English actress (born 1986)

Emilia Isobel Euphemia Rose Clarke (born 23 October 1986) is an English actress. She achieved international recognition for her role as Daenerys Targaryen in the HBO fantasy series Game of Thrones (2011–2019), for which she received nominations for four Primetime Emmy Awards. She is also widely known for playing Sarah Connor in the science-fiction film Terminator: Genisys (2015) and Qi'ra in the film Solo: A Star Wars Story (2018), and for starring in the romantic dramas Me Before You (2016) and Last Christmas (2019).

Clarke's television debut was a guest appearance in the BBC One medical soap opera Doctors in 2009, at age 22. Clarke made her Broadway debut as Holly Golightly in the play Breakfast at Tiffany's (2013), and played Nina in a West End production of The Seagull. She also played G'iah in the Marvel Cinematic Universe miniseries Secret Invasion (2023).

==Early life and education==
Clarke was born on 23 October 1986 in London. She grew up in Oxfordshire. Her father, Peter Roderick "Rick" Clarke, was a theatre sound engineer from Wolverhampton who died in 2016 from cancer.
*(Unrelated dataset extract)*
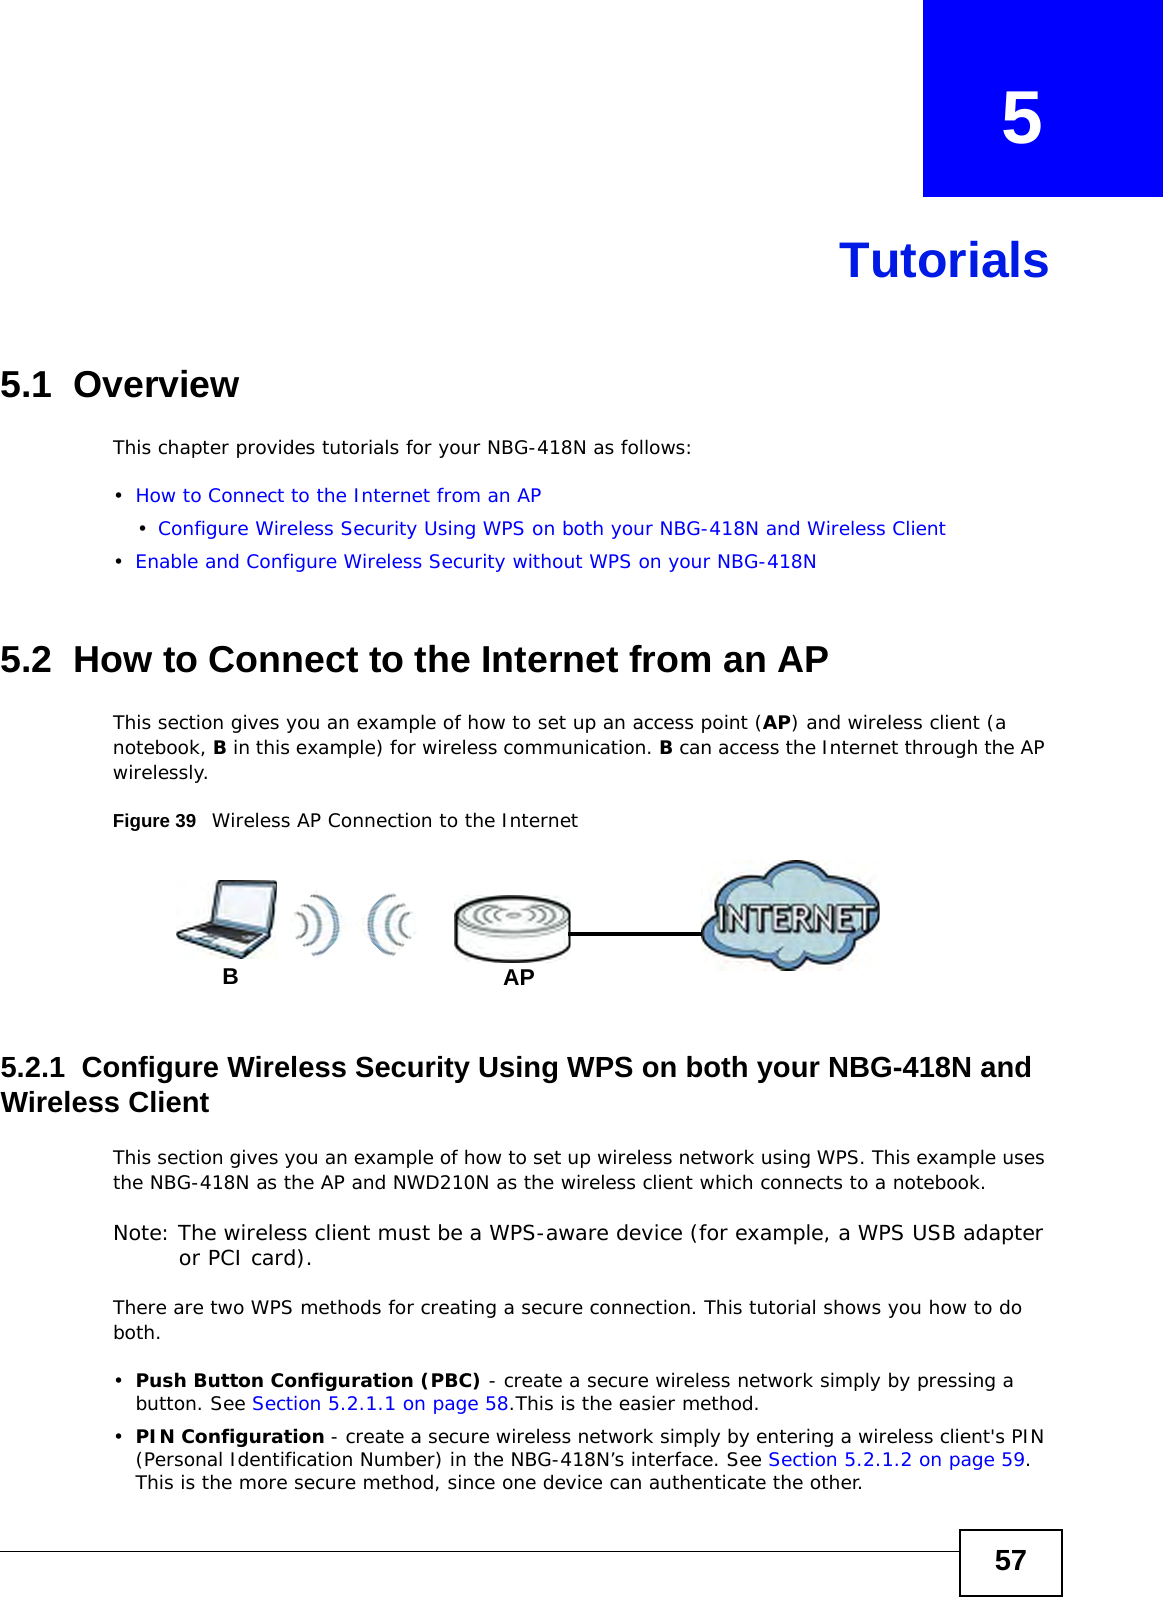 57CHAPTER   5Tutorials5.1  OverviewThis chapter provides tutorials for your NBG-418N as follows:•How to Connect to the Internet from an AP•Configure Wireless Security Using WPS on both your NBG-418N and Wireless Client•Enable and Configure Wireless Security without WPS on your NBG-418N5.2  How to Connect to the Internet from an APThis section gives you an example of how to set up an access point (AP) and wireless client (a notebook, B in this example) for wireless communication. B can access the Internet through the AP wirelessly.Figure 39   Wireless AP Connection to the Internet5.2.1  Configure Wireless Security Using WPS on both your NBG-418N and Wireless ClientThis section gives you an example of how to set up wireless network using WPS. This example uses the NBG-418N as the AP and NWD210N as the wireless client which connects to a notebook. Note: The wireless client must be a WPS-aware device (for example, a WPS USB adapter or PCI card).There are two WPS methods for creating a secure connection. This tutorial shows you how to do both.•Push Button Configuration (PBC) - create a secure wireless network simply by pressing a button. See Section 5.2.1.1 on page 58.This is the easier method.•PIN Configuration - create a secure wireless network simply by entering a wireless client&apos;s PIN (Personal Identification Number) in the NBG-418N’s interface. See Section 5.2.1.2 on page 59. This is the more secure method, since one device can authenticate the other.APB

Her mother, Jennifer Susan Dodd Clarke, is a businesswoman who is the vice-president for marketing at a management-consultancy firm and the director of The Anima Foundation, which is a charity to help young people in Ghana. She has a younger brother, Bennett, who works in the entertainment industry and was part of the camera department for Game of Thrones.

Clarke's maternal grandmother was from India. She ascribes her family's "history of fighters" to their Indian ancestry, which she stated to be a source of pride and integral to her identity: "The fact that [my grandmother] had to hide her skin colour, essentially, and try desperately to fit in with everyone else must've been incredibly difficult".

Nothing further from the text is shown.